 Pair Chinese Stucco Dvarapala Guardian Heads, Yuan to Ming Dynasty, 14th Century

---

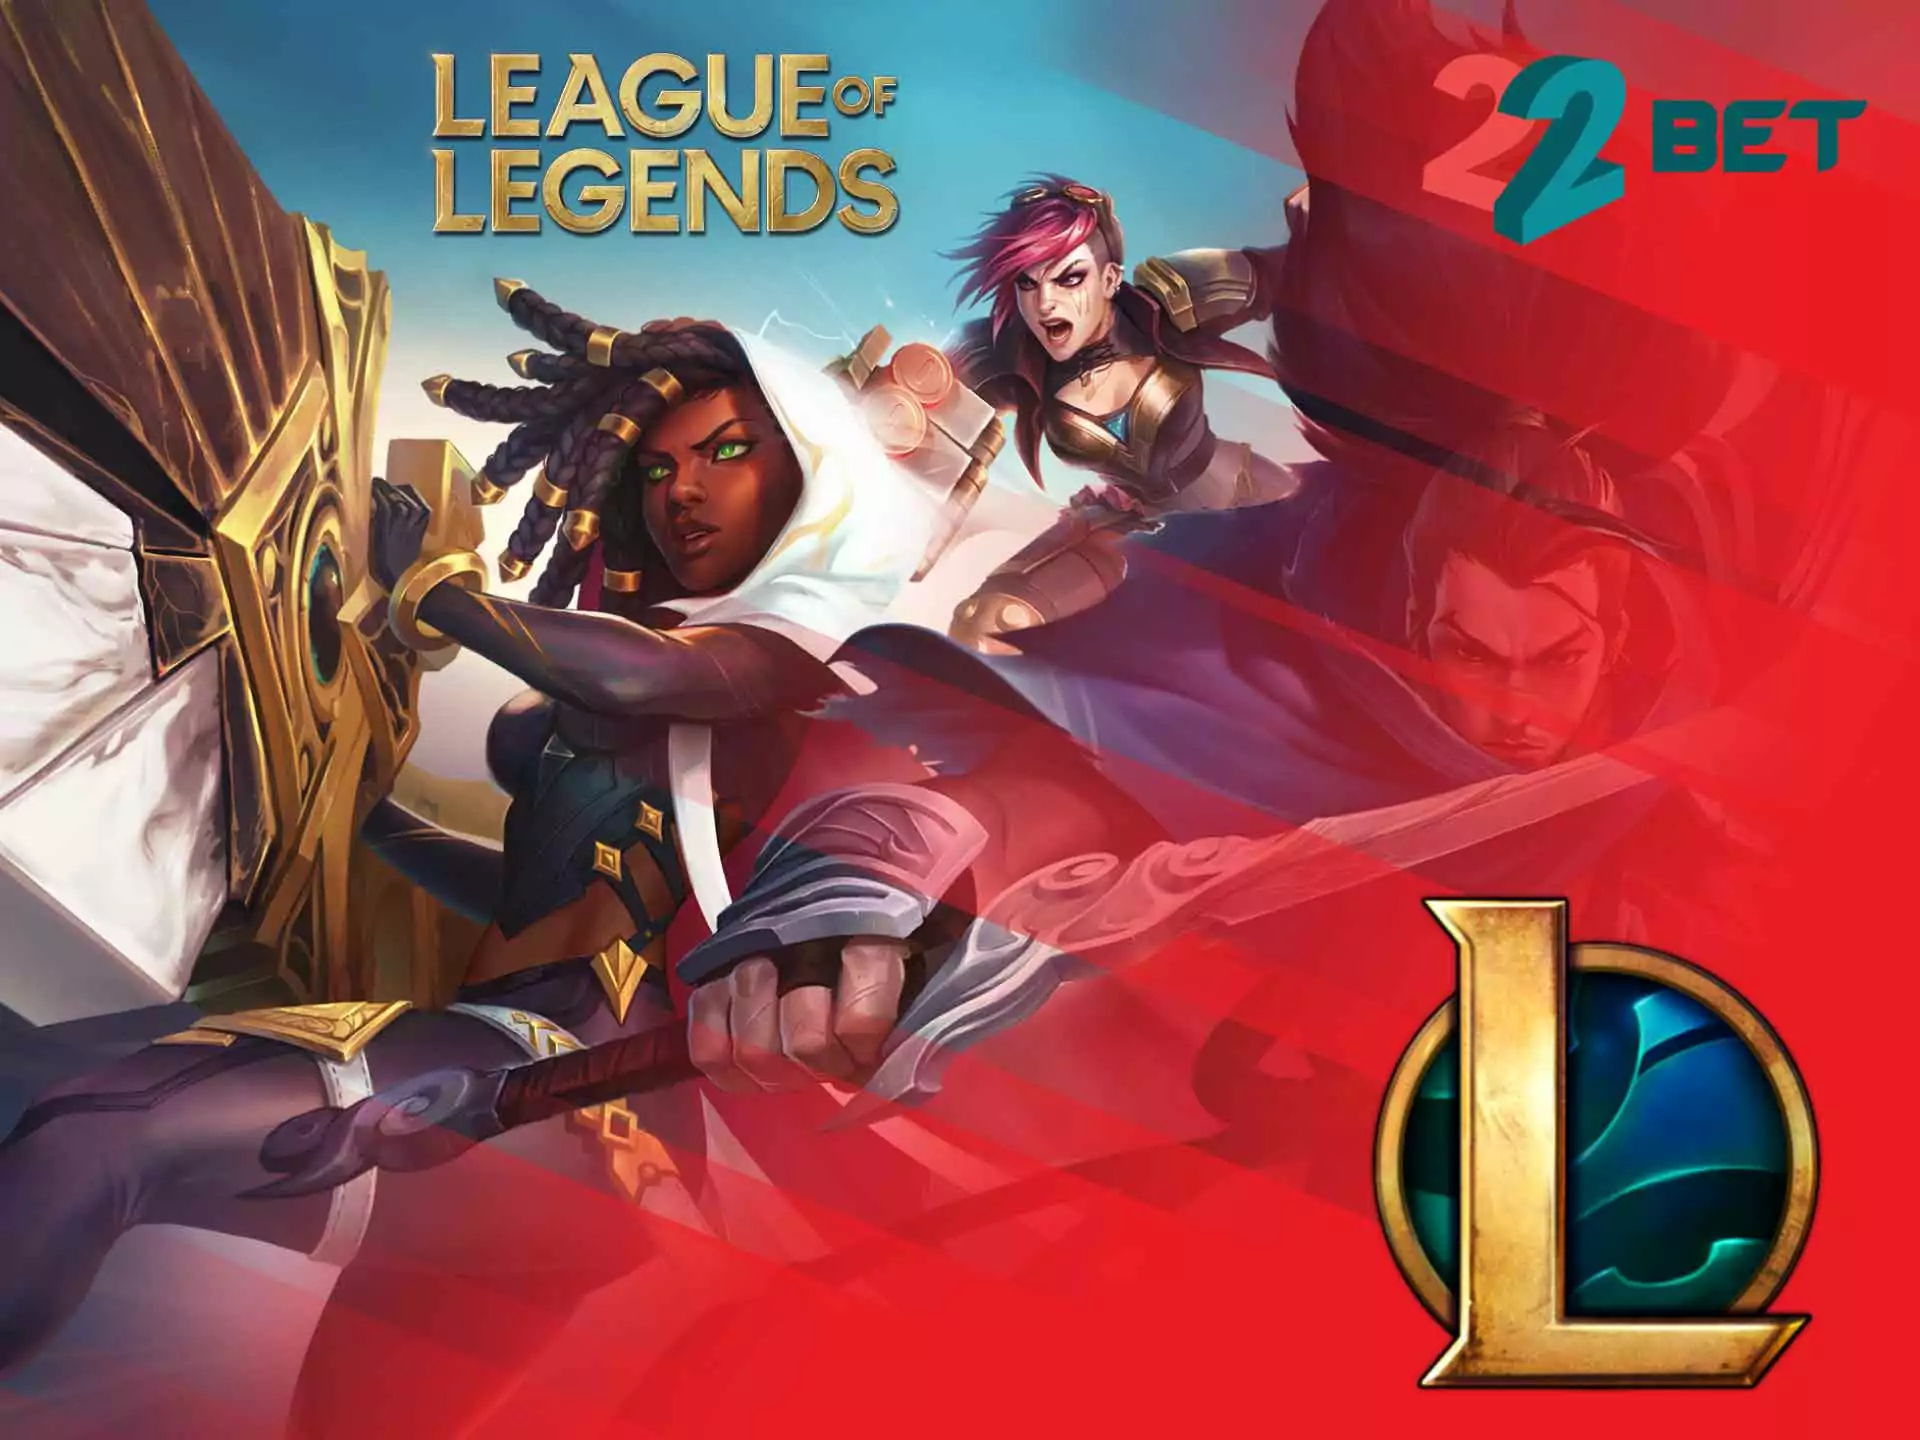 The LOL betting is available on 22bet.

---

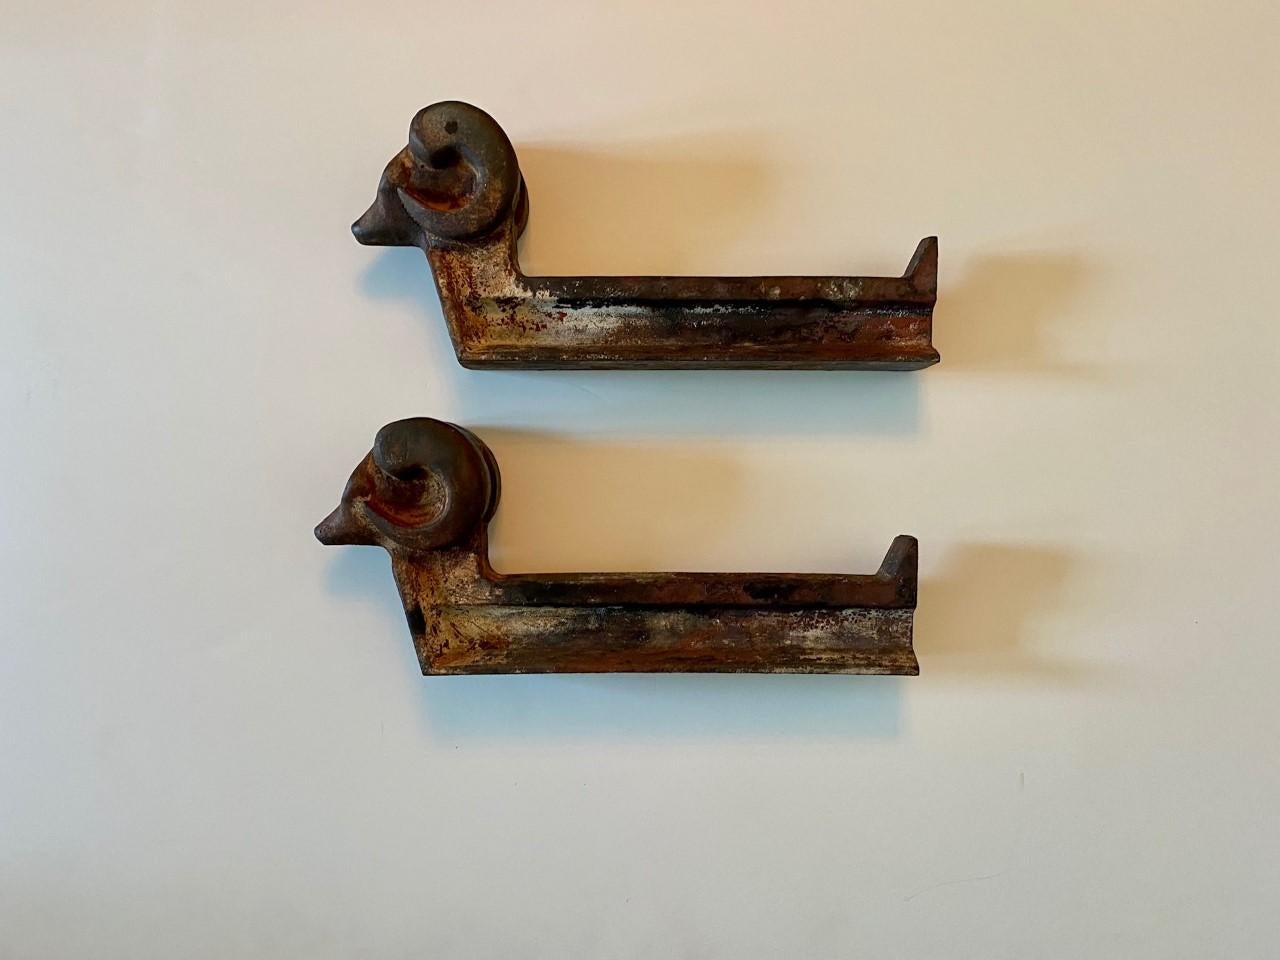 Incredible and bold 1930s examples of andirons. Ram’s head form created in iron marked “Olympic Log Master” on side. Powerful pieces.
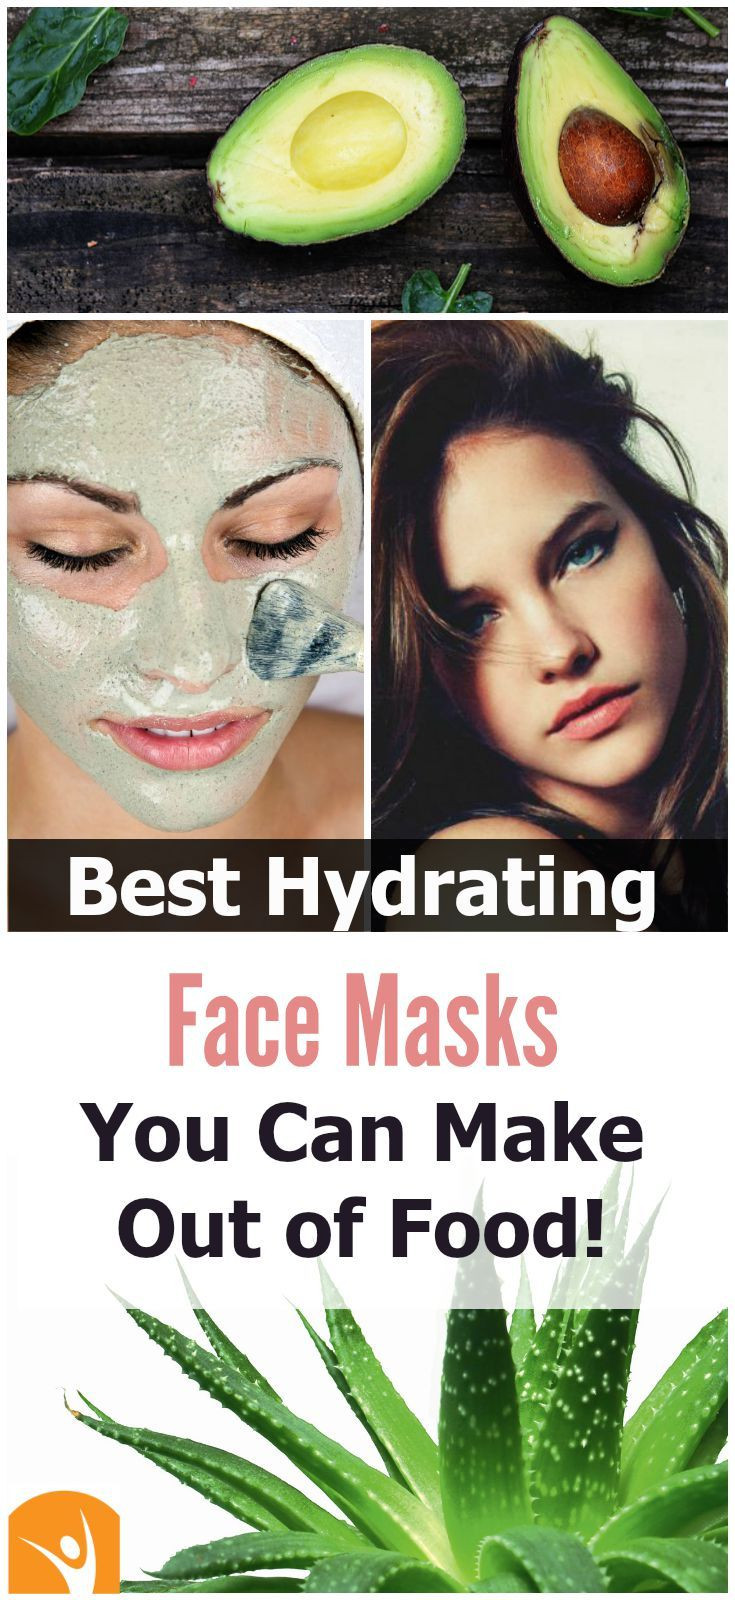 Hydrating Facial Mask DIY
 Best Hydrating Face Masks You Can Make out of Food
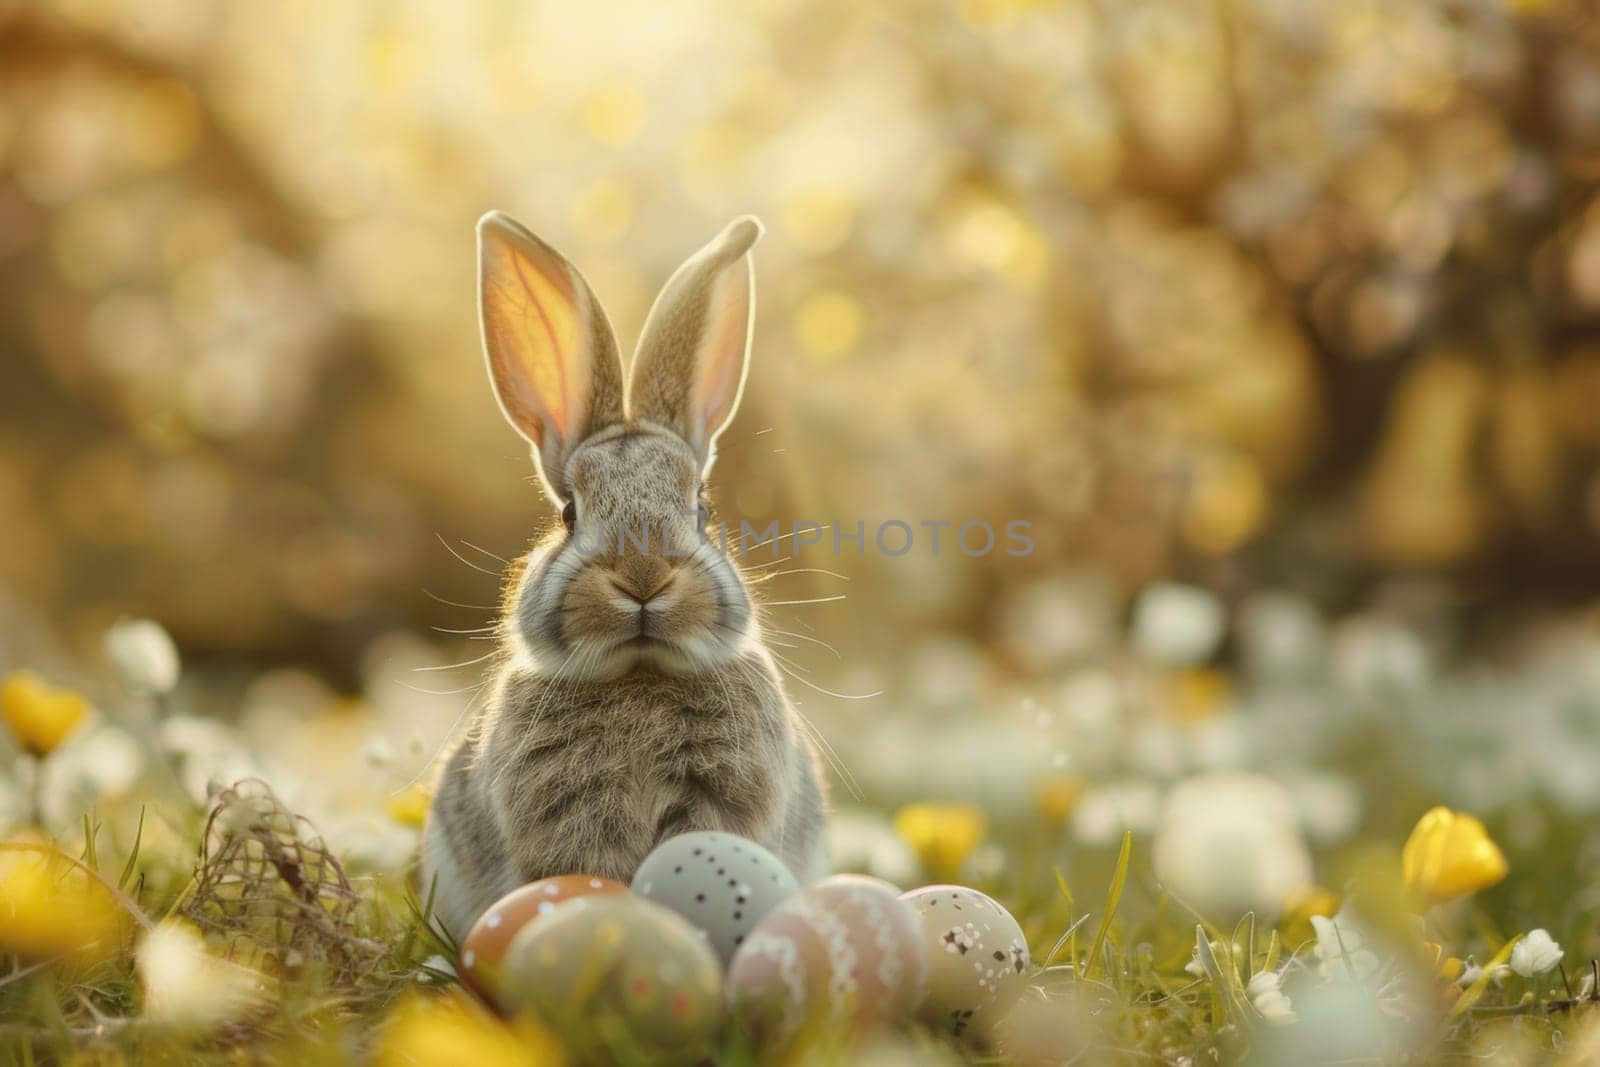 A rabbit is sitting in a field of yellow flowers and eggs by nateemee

• [EXERCISE BRIEF]:
Output exactly the stretch of the listing that begins at the line containing "Incredible and bold" and ends at the line containing "A rabbit is", both kept. Omit pictures and everything else.

• [WORKED SOLUTION]:
 Incredible and bold 1930s examples of andirons. Ram’s head form created in iron marked “Olympic Log Master” on side. Powerful pieces.
 Hydrating Facial Mask DIY
 Best Hydrating Face Masks You Can Make out of Food
 A rabbit is sitting in a field of yellow flowers and eggs by nateemee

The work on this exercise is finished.